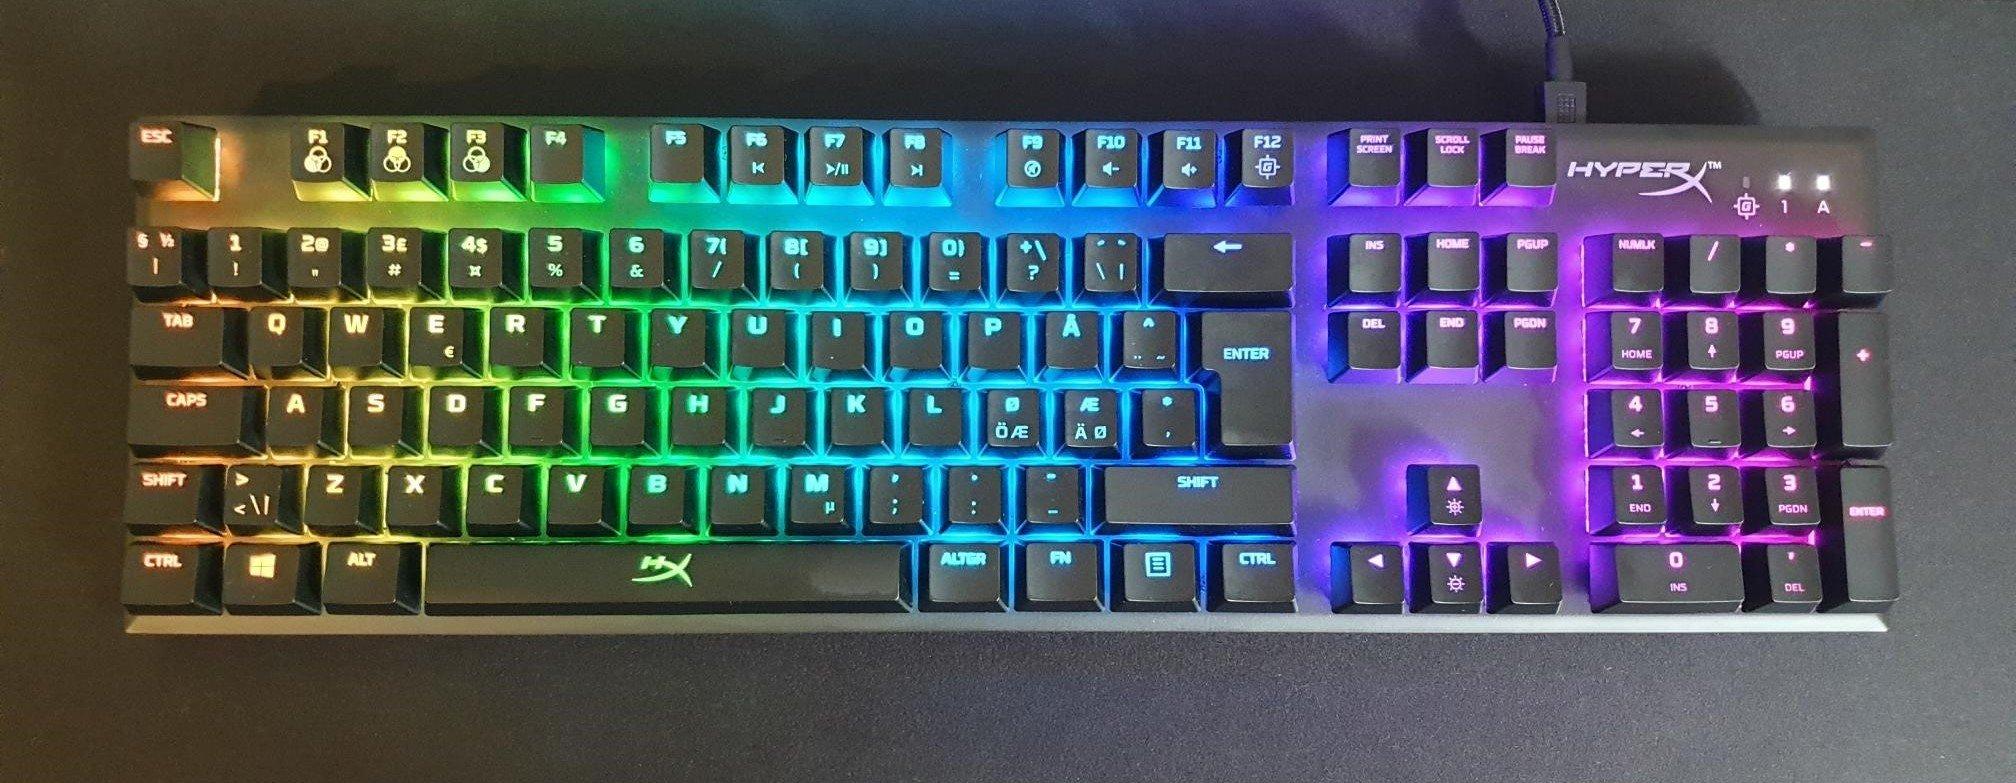 Image of my own HyperX mechanical keyboard
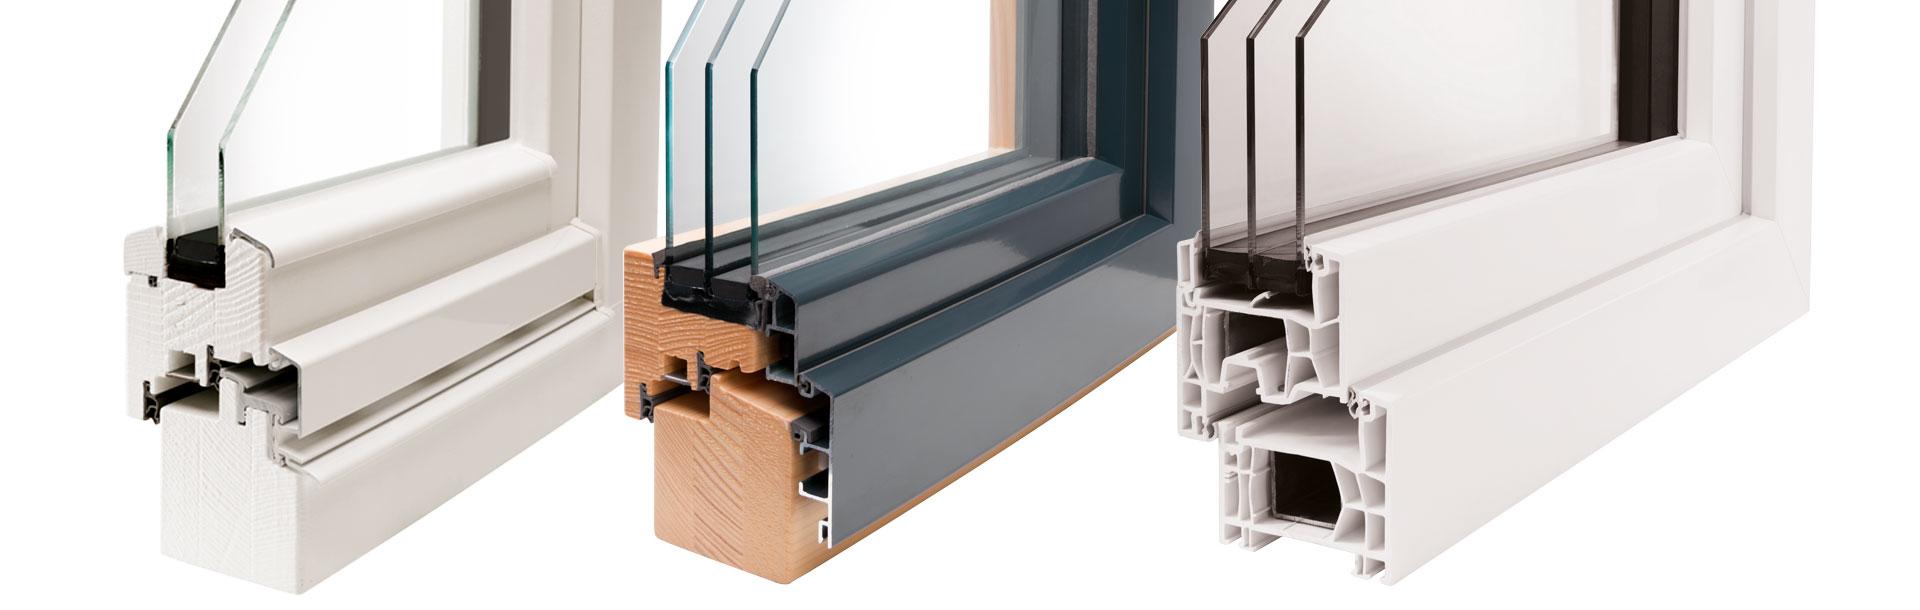 energiekosten rechner lauber fensterbau. Black Bedroom Furniture Sets. Home Design Ideas
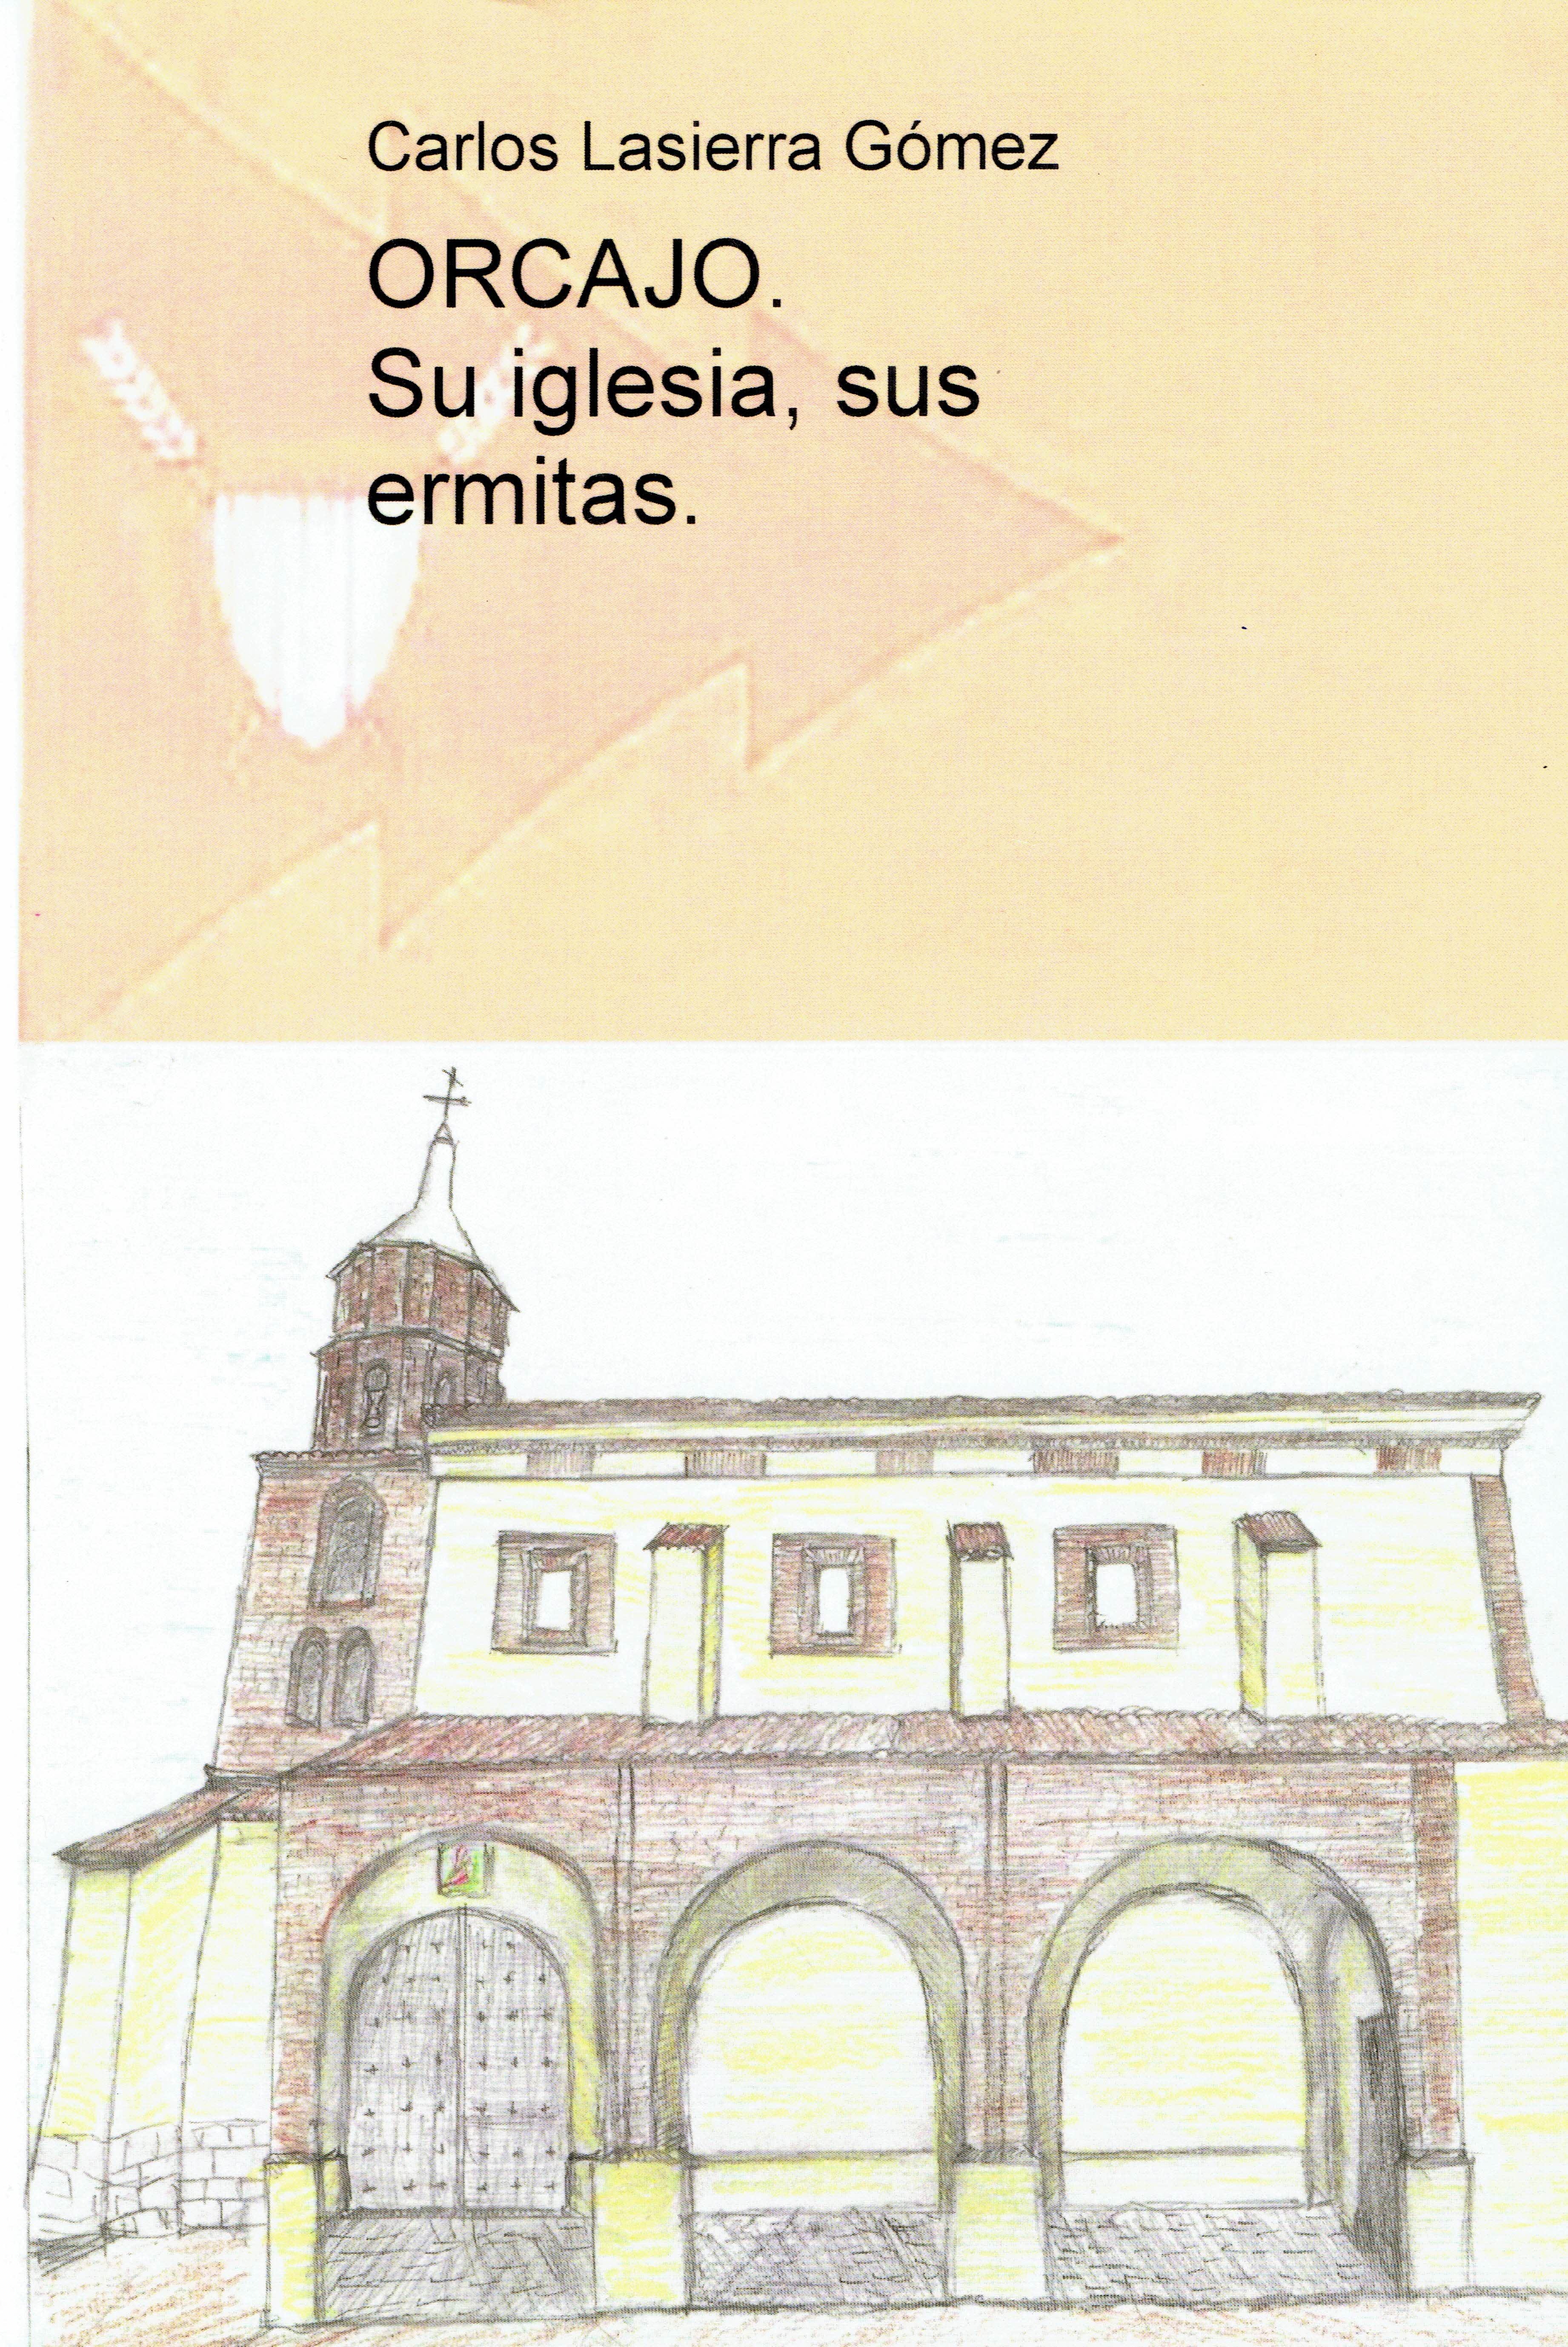 Orcajo, su iglesia, sus ermitas

================================

▶ [About this exercise]:
Are you able to set down all the lines above exactly, without any pictures?

▶ [Response to this exercise]:
 Image of my own HyperX mechanical keyboard
 energiekosten rechner lauber fensterbau. Black Bedroom Furniture Sets. Home Design Ideas
 Orcajo, su iglesia, sus ermitas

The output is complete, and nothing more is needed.